To train machine learning models on the clean, feature-rich Gold dataset.
To systematically evaluate model performance using different strategies (simple validation or cross-validation).
To log all relevant information to MLflow, including parameters, metrics, artifacts (like plots and predictions), and the final model itself.
To provide a flexible framework for experimenting with different models and hyperparameters.

Pipeline Workflow

The pipeline executes a series of steps, from data loading to model registration, all tracked within a single MLflow run.

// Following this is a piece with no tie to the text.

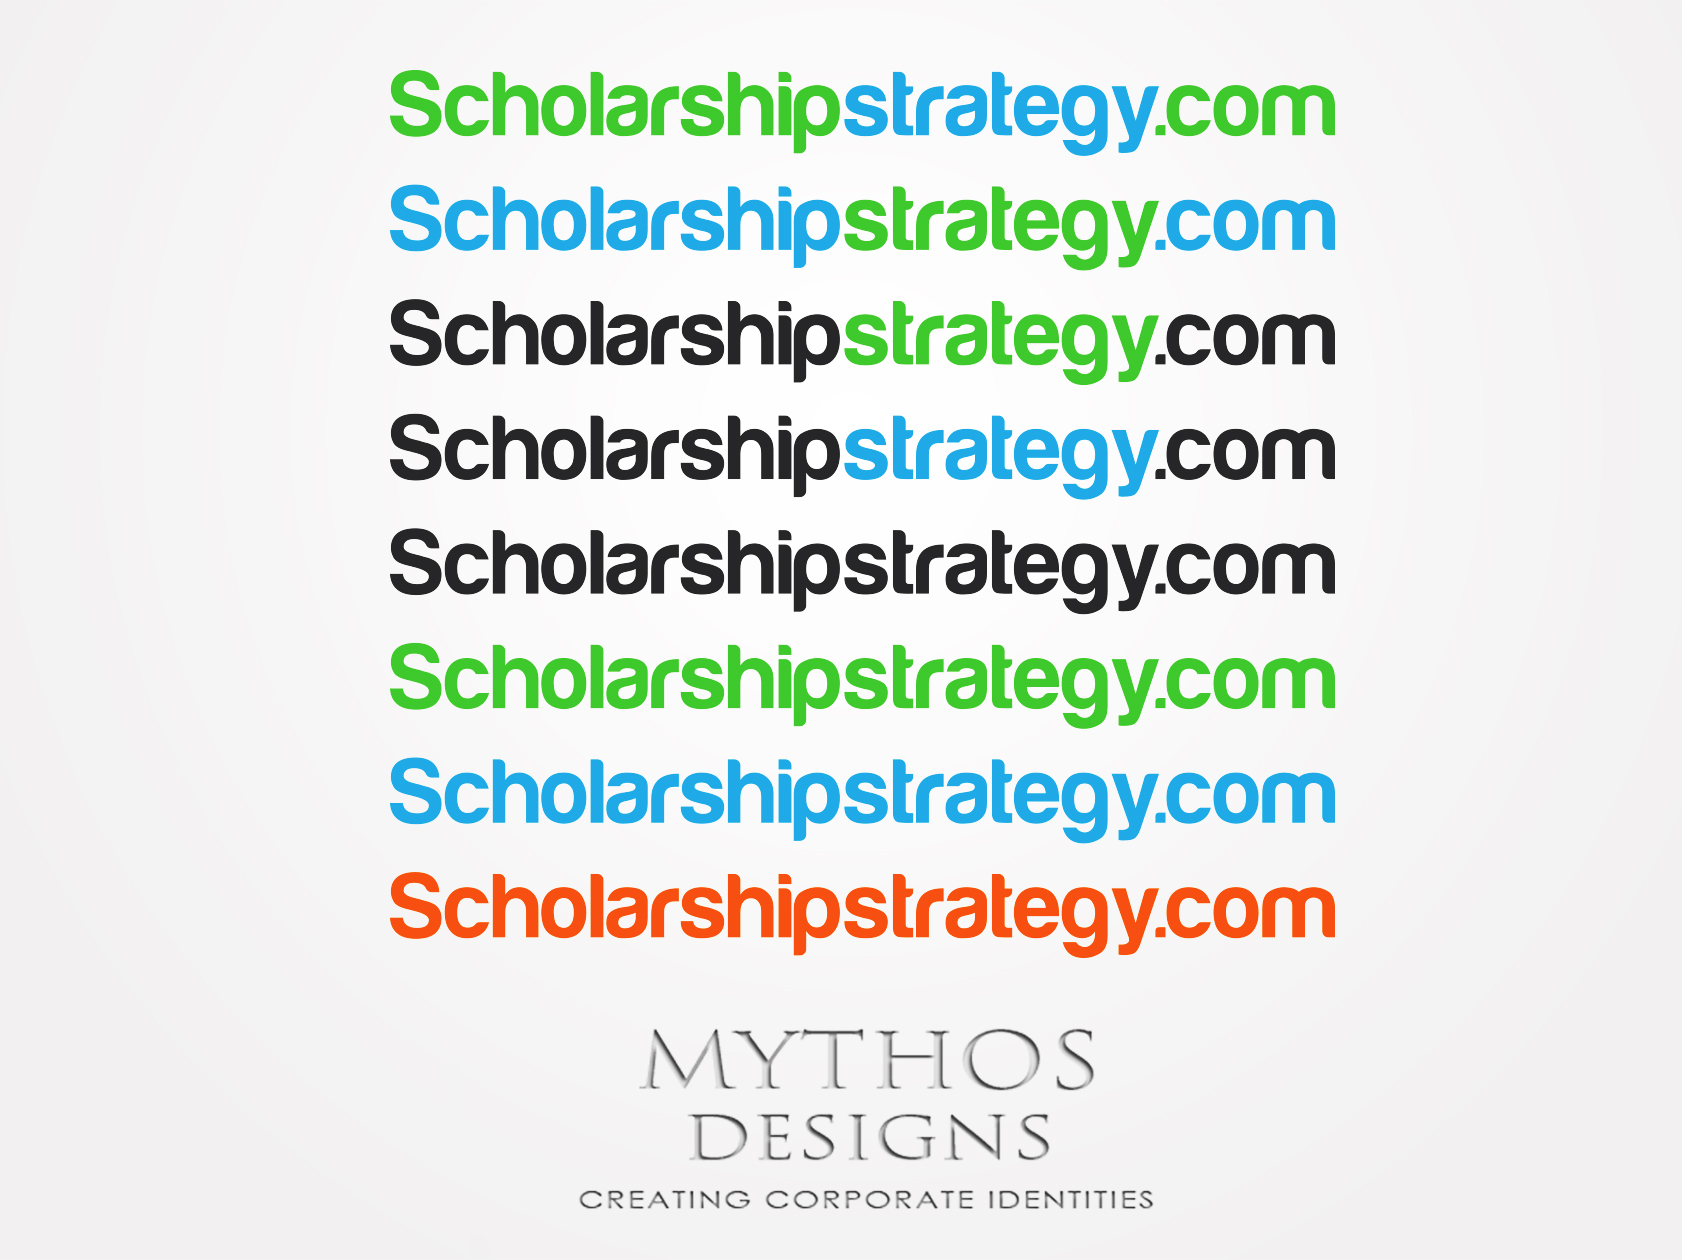 Logo Design by Mythos Designs - Entry No. 198 in the Logo Design Contest Captivating Logo Design for Scholarshipstrategy.com.

%%{init: {'theme': 'dark'}}%% graph TD subgraph "Setup" A[Load Gold Data] B[Load params.yaml] C[Set MLflow Experiment] end subgraph "MLflow Run" D[Start Run] --> E{Log Params & Tags} E --> F{Instantiate Model} F --> G{Select Training Strategy} G -- Simple Train/Validate --> H(Train & Evaluate) G -- Cross-Validation --> I(Perform CV & Retrain) G -- Train Final Model --> J(Train on All Data) H --> K{Evaluate on Test Set?} I --> K J --> K K -- Yes --> L[Log Test Metrics & Plots] K -- No --> M[Log Model to MLflow] L --> M M --> N{Register Model?} N -- Yes --> O[Register in Model Registry] N -- No --> P[End Run] O --> P end A --> D B --> D C --> D

Key Stages

The pipeline is divided into five main stages, executed sequentially:

Configuration & Setup:
- Loads the main params.yaml file.
- Selects the active model configuration based on the model_config_to_run key.
- Sets the MLflow experiment name, creating it if it doesn't exist.
Data Preparation:
- Loads the training, validation, and (optional) test datasets from the data/gold_data/processed/ directory.
- Separates features (X) from the target variable (y).
- Drops any specified multicollinear columns to prevent issues with certain models.
- Loads the fitted Scaler and PowerTransformer objects, which are essential for unscaling predictions to their original magnitude for evaluation.
Model Training & Validation:
- This is the core of the pipeline, executed within an MLflow run context.
- MLflow Setup: Autologging is enabled based on the model's library (e.g., sklearn, xgboost), and all parameters from params.yaml are logged.
- Model Instantiation: The model is created using the class and hyperparameters defined in the active configuration.
- Training Strategy: Based on the configuration, one of three paths is taken:
  - Simple Validation: The model is trained on the training set and evaluated on both the training and validation sets.
  - Cross-Validation: Time-based cross-validation is performed on the combined training and validation data, results are logged, and a final model is retrained on the full combined dataset.
  - Train Final Model: The model is trained on the combined training and validation data without any intermediate evaluation. This is typically used for producing the final production artifact.
Final Evaluation on Test Set:
- If evaluate_on_test_set is enabled in the configuration, the final trained model is evaluated against the hold-out test set.
- All metrics and plots for the test set are logged to MLflow, prefixed with test/.
Model Logging & Registration:
- If log_model_artifact is true, the final trained model object is logged to the MLflow run.
- If register_model is also true, the logged model is registered in the MLflow Model Registry with the specified model name, creating a new version.

Configuration

The pipeline's behavior is almost entirely controlled by params.yaml, providing a centralized place for all settings.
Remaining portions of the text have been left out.